The easy-access rate offers 0.7% interest but has charges.
Since its launch, the finance app Chip has regularly offered higher interest rates than most, if not all, providers.
Replacing the popular Chip+1 account, the latest account launched to existing customers in late August and will be open to all in mid-September. Again, it’s promising a market-beating rate.
In fact, Chip’s own publicity calls it “The best easy-access savings rate. The top of the table. The cream of the crop. Numero uno.”
That certainly sounds good, but should you move your money? Here’s my analysis.
What does Chip’s new savings account pay?
You’ll be able to earn 0.7% AER on up to £30,000 saved in the account. Chip says this limit could be increased, and I’ll update here if it is.
This is a better rate than the next closest easy-access account (at the time of writing 0.65% from Tandem).

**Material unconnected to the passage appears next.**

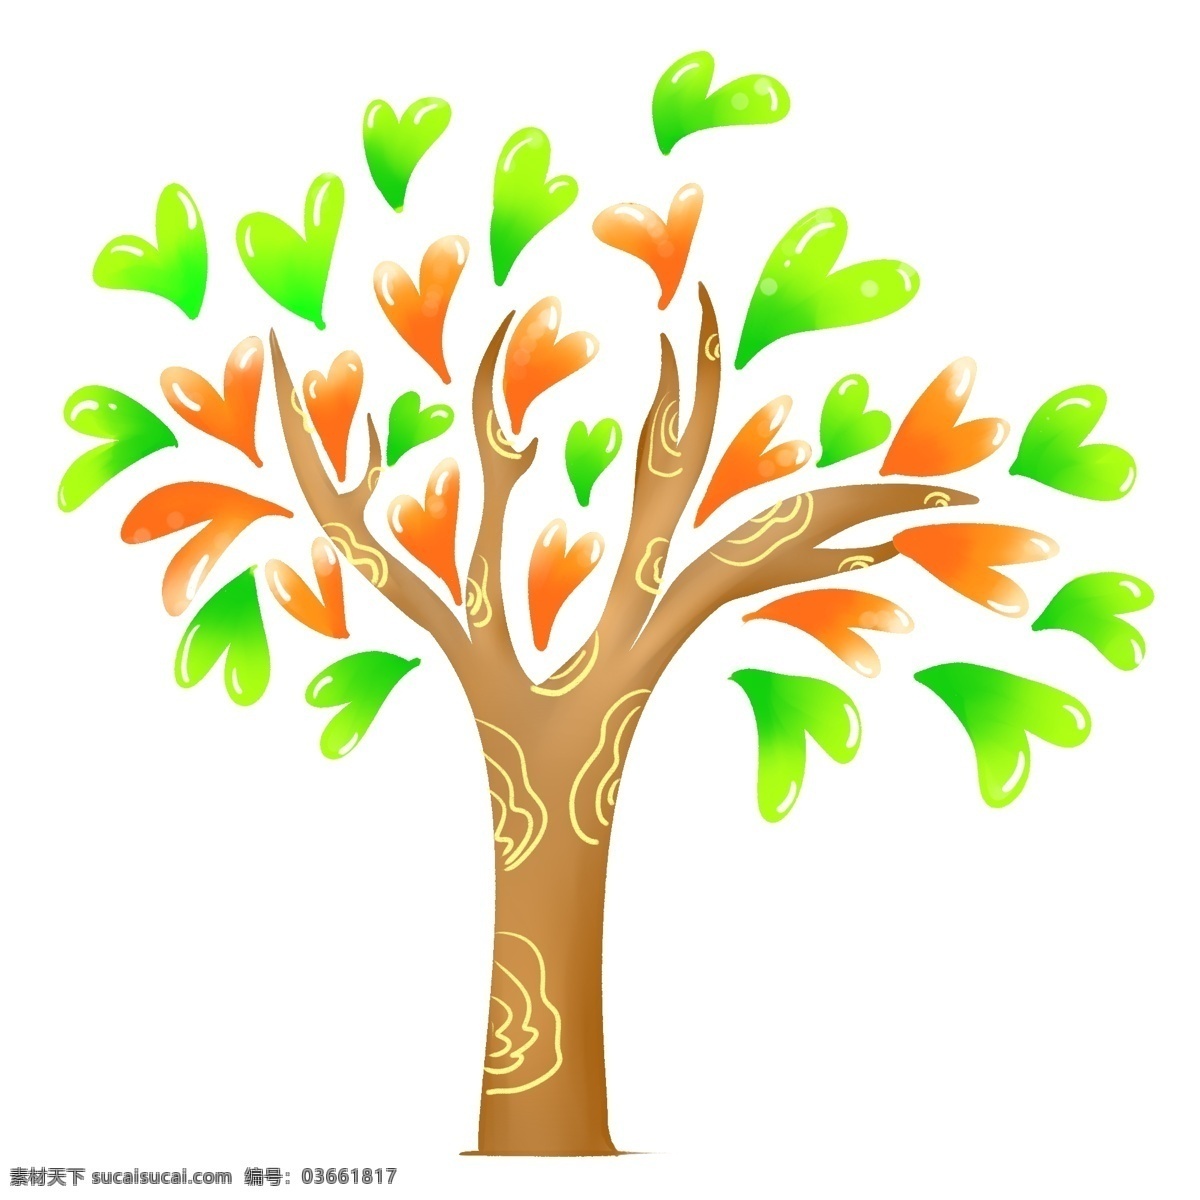 心形 立体 创意 树 插图 黄色树枝 绿色心形 橙色心形 心形创意树 有爱的创意树 精美的创意树 创意树装饰

And unlike the Chip+1 account you’ll earn compound interest – i.e. interest will also earn interest.
However, this new savings option is only available to users on the ChipAI or ChipX plans. Both of these come with a fee every 28 days (£1.50 and £3 respectively). Factor that fee in and the real interest rate is much lower.
If you’re on the free ChipLite tier you won’t be able to open the account.
How the fee impacts the interest you earn
As you can see from the table below, that when you add in the £1.50 fee for ChipAI (£19.50 a year), you’ll earn less money with this new Chip account than you would with the Tandem easy access account paying 0.65%.
In fact, you need at least £2,786 in the account before the interest earned wipes out the fee over a 12 month period – and you’ll still be down £18 compared to stashing the cash with Tandem.
|Chip’s 0.7% account||Tandem’s 0.65% account|
|Amount saved||Interest earned||Total return after fee||Interest earned|
There’s also a much higher limit with Tandem of £250,000 – though with both that and the new Chip account you’re only protected by the Financial Services Compensation Scheme up to £85,000.
Of course, the fee isn’t just about the savings account. For that £1.50 every 28 days you also get interest up to £10k if you already have Chip+1 and access to the automated savings feature.
The latter is what I first loved about Chip, and it really can help you squirrel money away on a regular basis. However, the app Plum offers the exact same service for free!
The new account vs Chip+1
Though the Chip+1 account closes to new customers on 31 August, those who have already signed up for it will continue to get up to 1.25% – for the time being at least.
Despite the high rate (in comparison to elsewhere), Chip+1 isn’t perfect and there are limits to this account. For a start, it’s capped at savings of £10,000, and those on ChipLite only earn on the first £2,000. To earn on balances between £2k and £10k you pay those same fees as detailed above.
So does the new account beat this if you’ve more to save?
Well, the free ChipLite account will earn you £25 interest if you have the full £2,000 saved in Chip+1. With the fee, you’d need £6,356 in the new 0.7% account to match that total. So Chip+1 wins on pots under £2,000.
But for amounts above this, as the table above showed, Tandem’s 0.65% always beats the new Chip account. So it’s probably better to compare Chip+1 to Tandem instead.
Savings of between £2,000 and £5,250 Chip+1 effectively earn less than 0.65%. Beyond this total, Chip+1 will beat Tandem – though only for another £4,750 until the cap.
Of course, the Tandem account could drop or be beaten elsewhere, so these figures are purely for what is on offer now.
How other savings accounts compare
These accounts from Chip and the Tandem aren’t the only options for your money.
The highest paying option is actually via a current account. Virgin Money’s M Plus current account offers 2.02% on balances of up to £1,000 – and you can apply for more than one of these.
Fixed-rate accounts have also been on a steep increase. The best is back with Tandem (though this can change daily) with a rate of 1.41%. You do have to lock your money away for 12 months though to get this rate.
You can get updates on the latest savings accounts here.
Should you get the new Chip account?
If you’re already paying for the ChipAI or ChipX tiers – perhaps because you want to earn more on up to £10k or would rather use the auto savings here than the free alternative with Plum, then this is a good account for any overflow cash (above £10k).
But for anyone else looking for a top rate for their savings, those fees cut down what you’ll earn and I’d recommend instead any free account which beats those rates.
How to get the new Chip savings account?
Chip is an app-only product, so you need to have a smartphone to sign up and access the account.
Though to start it’s only for existing Chip customers, it’ll be available to all by mid-September. The account will appear as an option in the “accounts” tab of the app. Once you’ve opened it you can transfer in up to £5,000 a time, five times a day.
Once the account is publically launched you’ll also be able to put auto-savings in this account, which is well worth doing if you use the AI feature.
Is your money safe?
As mentioned the account is FSCS protected, though since it’s run by Allica Bank, you need to take into account any funds saved separately with them towards the overall £85,000 protection limit.